NICE consultation on chlormethine gel for skin lymphoma

Have your say on chlormethine gel for mycosis fungoides - consultation runs until 26 August.

Papers

The National Institute for Health and Care Excellence (NICE, one of the bodies that decides whether to make drugs available on the NHS) has opened a consultation on its appraisal of chlormethine gel for the treatment of mycosis fungoides, a type of cutaneous (skin) T-cell lymphoma.

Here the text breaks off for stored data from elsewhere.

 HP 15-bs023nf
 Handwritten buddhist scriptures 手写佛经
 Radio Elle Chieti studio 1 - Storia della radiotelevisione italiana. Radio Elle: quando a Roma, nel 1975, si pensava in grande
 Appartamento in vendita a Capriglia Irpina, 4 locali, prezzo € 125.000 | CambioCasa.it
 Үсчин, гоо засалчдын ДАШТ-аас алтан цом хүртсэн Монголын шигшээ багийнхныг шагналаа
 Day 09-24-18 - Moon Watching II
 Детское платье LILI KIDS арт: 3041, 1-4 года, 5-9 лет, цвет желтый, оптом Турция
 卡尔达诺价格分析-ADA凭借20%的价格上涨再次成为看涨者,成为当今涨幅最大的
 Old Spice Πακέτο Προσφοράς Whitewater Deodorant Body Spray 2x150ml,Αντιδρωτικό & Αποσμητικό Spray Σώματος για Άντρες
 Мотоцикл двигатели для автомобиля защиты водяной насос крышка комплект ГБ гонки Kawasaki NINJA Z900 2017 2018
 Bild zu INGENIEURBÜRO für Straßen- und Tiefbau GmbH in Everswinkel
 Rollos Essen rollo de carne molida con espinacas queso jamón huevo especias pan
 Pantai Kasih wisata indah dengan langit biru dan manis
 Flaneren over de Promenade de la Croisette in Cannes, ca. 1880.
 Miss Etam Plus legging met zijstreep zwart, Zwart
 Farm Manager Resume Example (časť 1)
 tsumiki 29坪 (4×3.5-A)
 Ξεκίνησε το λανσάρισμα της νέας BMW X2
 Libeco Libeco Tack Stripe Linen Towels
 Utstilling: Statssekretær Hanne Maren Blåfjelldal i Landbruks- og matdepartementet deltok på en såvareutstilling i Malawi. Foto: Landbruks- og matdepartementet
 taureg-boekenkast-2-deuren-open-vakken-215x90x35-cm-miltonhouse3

Chlormethine (also known as mechlorethamine or nitrogen mustard) is a type of chemotherapy that is applied directly to the skin (topical chemotherapy). It has been used to treat skin lymphoma for over 50 years. In the past, it was available as a lotion that had to be made up at home each day, or as an ointment that was prepared in specialised pharmacy departments. Chlormethine gel is a new, ready-made gel formulation.

In its draft recommendation, NICE suggests that chlormethine gel should not be made available on the NHS. However, this is not NICE's final guidance and these recommendations may change after consultation.

Lymphoma Action is among organisations and individuals opposing the recommendation and we hope this will result in a change of guidance.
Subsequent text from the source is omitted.